My concern for the rights of others is apparently not reciprocated.

How this has taken place when digital copies of the novel are available only from Amazon is no mystery.  A more withering statement about the security of the literary universe inhabited by writers everywhere today would be difficult to postulate.  In spite of this I remain a fan of disabling the DRM software available to digital publishers.  No amount of threats will prevent those prone to thievery and wasting cycles in the false hope it can be prevented by technology appears pointless to the writer.  With any luck, those who share will enjoy the read and spread the word.  What goes around comes around is a saying I've heard and a man can only hope it turns out apt here.

I'm also content to let karmic justice prevail upon those dedicated to injuring their fellows.

I'll continue with a few facts related to the publicity and marketing efforts so far taken on behalf of 'A Dog and His Boy'.  As an independently published novel I felt it was appropriate to first seek review of it by fellow members of the independent literary community.  The effort of putting together a letter of inquiry was undertaken and a short while before publication a campaign begun.  My efforts were consistently applied and to date over one hundred review requests are now submitted to independent purveyors of no-cost literary review services.

With the last of them sent four weeks ago the requests have so far received ten responses.

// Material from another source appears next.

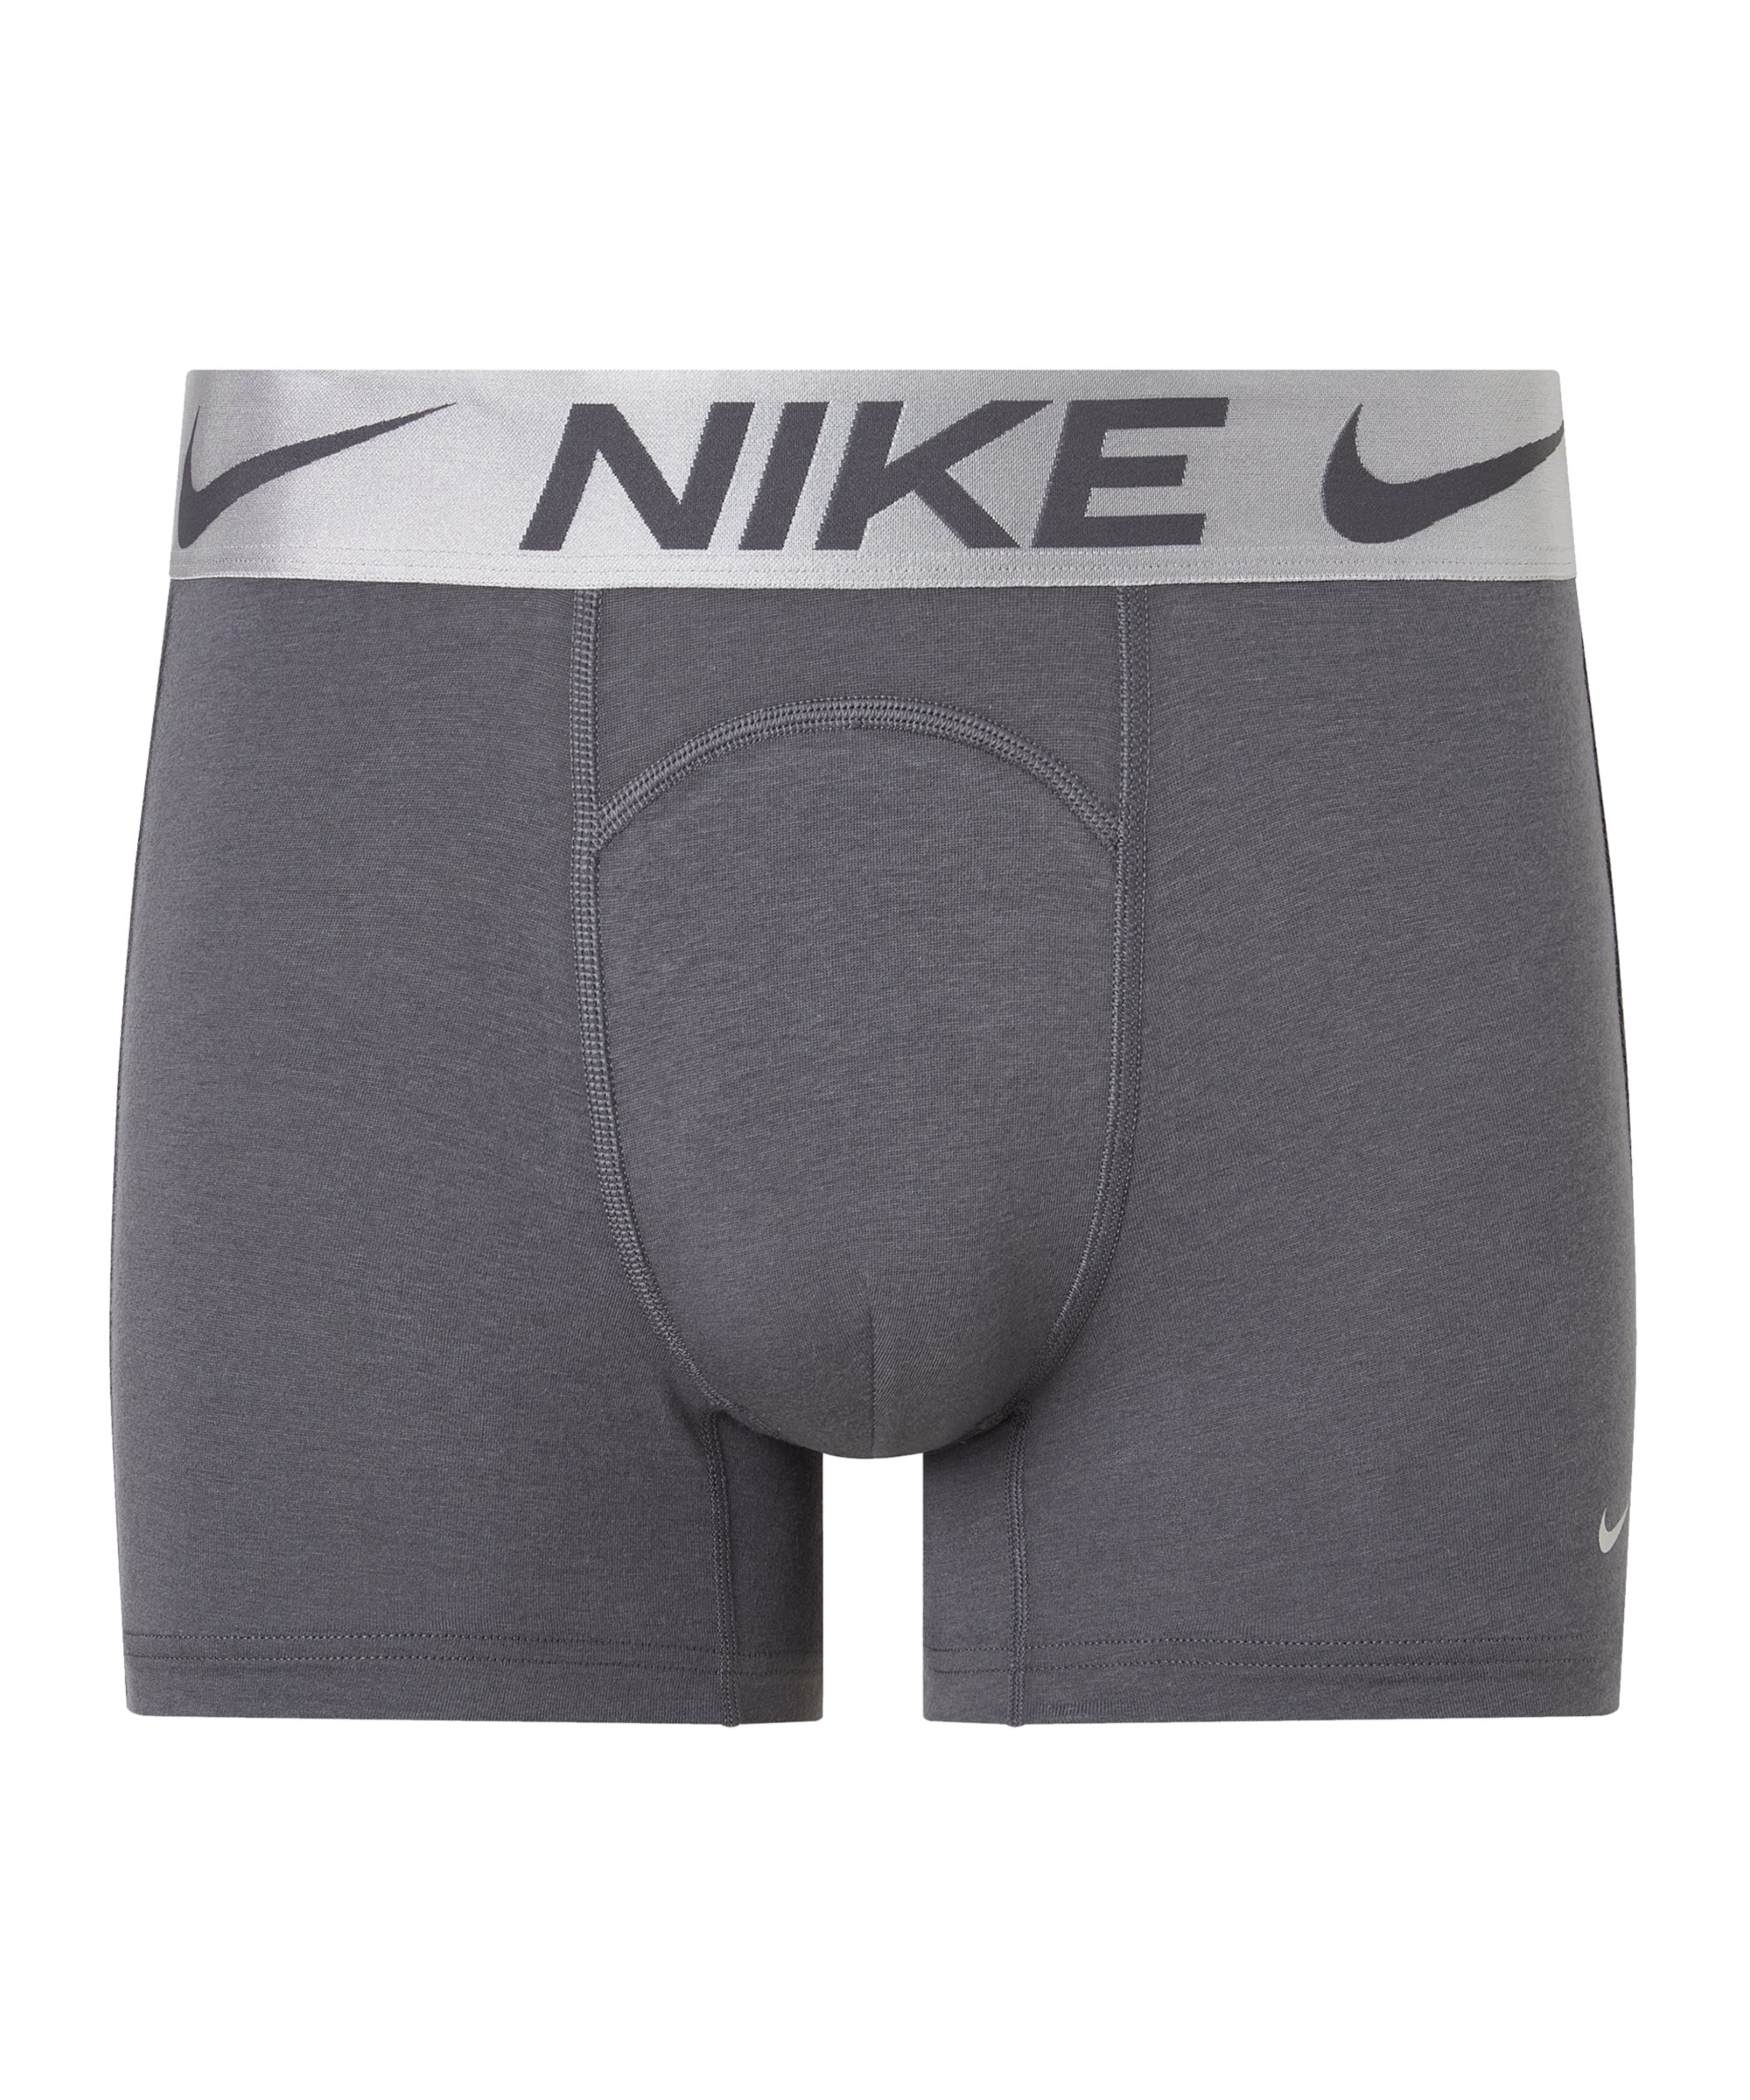 Nike Trunk Boxershort Grau Silber F8WG - grau
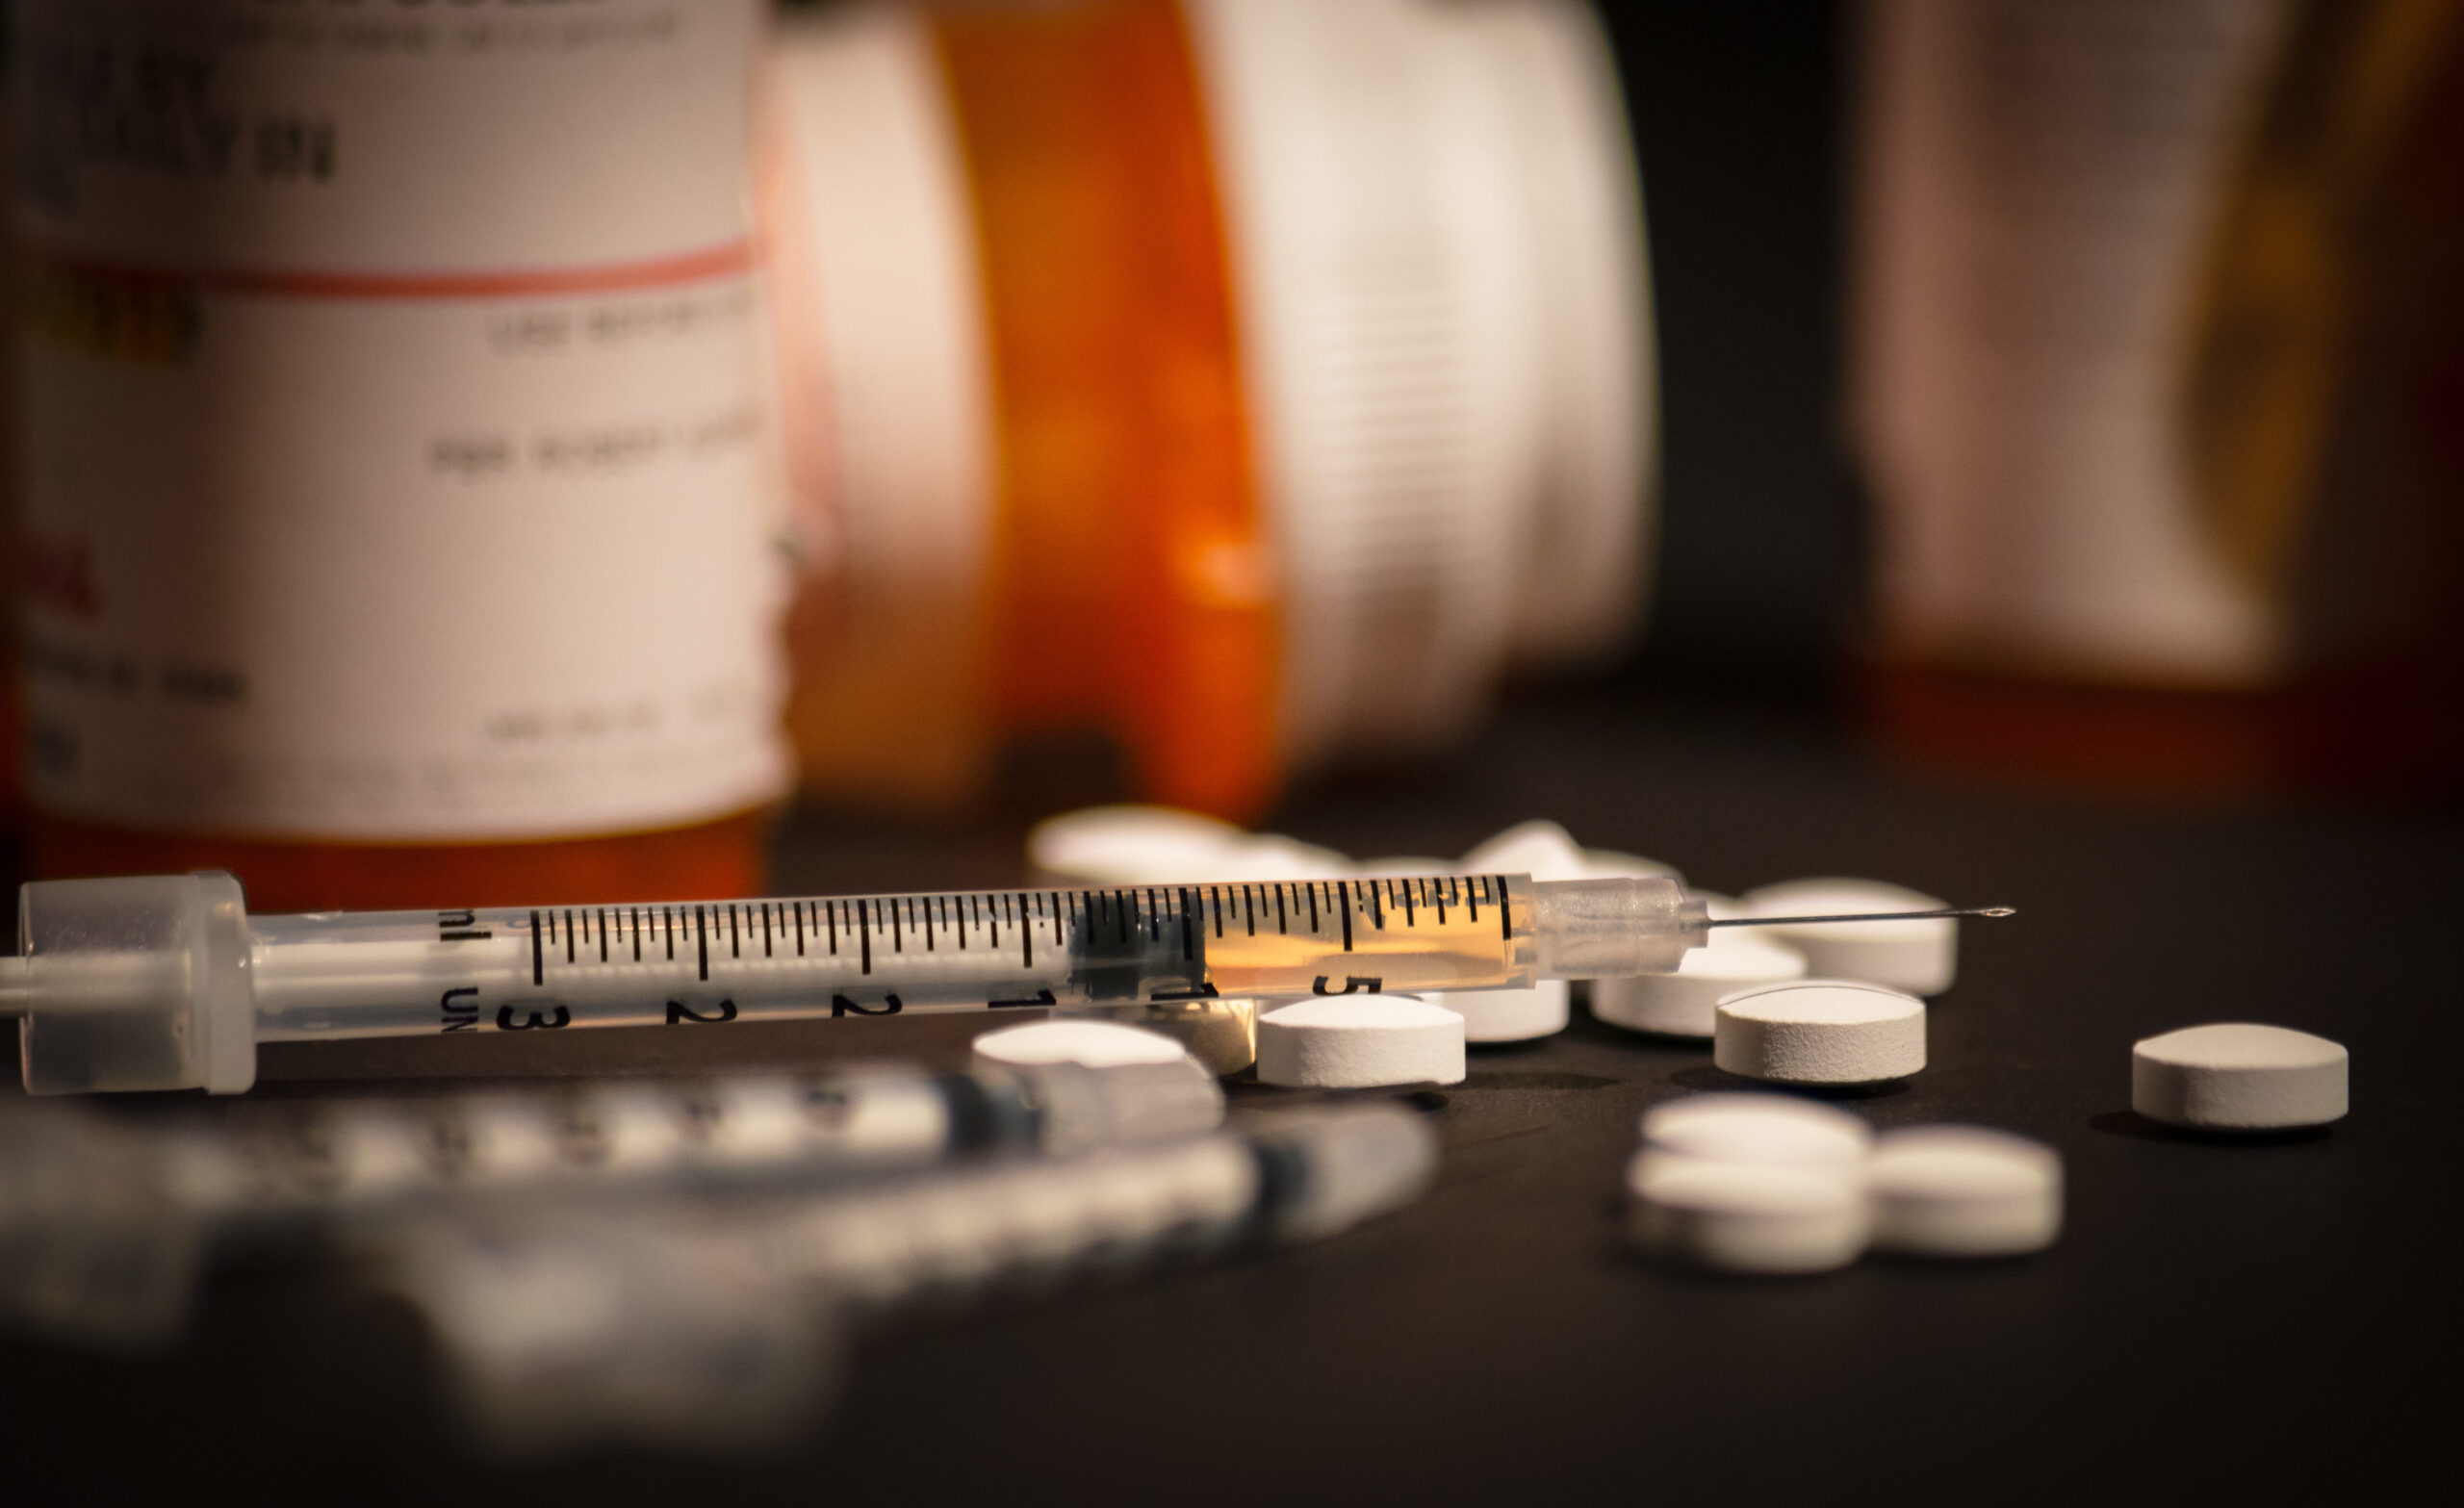 Loaded Syringe and Pills Fentanyl

Of these a half dozen were sufficiently intrigued to accept the novel for review while two thirds as many were kind enough to reply with exceptional politeness in the negative.  To each of them goes the sincerest of my thanks.  The earliest reviews for 'A Dog and His Boy' have as a result now appeared.  The limited numbers have allowed me to read most of them published so far.  To say the experience has been edifying would be a most significant understatement.  In spite of the myriad of warnings against it my great appreciation for the experience itself begs comment.

            I am as mysteriously enthralled as I am foolishly thrilled to read the opinion of others regarding this work.

            The limited response to the review inquiries is the aspect of the situation first commented on here.  Prior to beginning the practice I had no means of estimating the current level of overwhelming interest in securing the service.  I have since discovered many web-based and independent reviewers so backed up they've been forced to stop accepting requests.  Many are so overrun by demand for their attention as to be unable to even reply to those requesting it.  The situation betrays a market of previously unconsidered scale.  The unseen volume hinted at like literary dark matter leads to the inescapable conclusion a response of any kind should be what surprises.  Though untold numbers seek positions in the professional world of literature like most vocational activities today many more work independently.  The rise of Amazon and others serving the market speaks to this.  That an overabundance of self-published authors of all genres seek review of their work in the age of the internet is thus entirely predictable.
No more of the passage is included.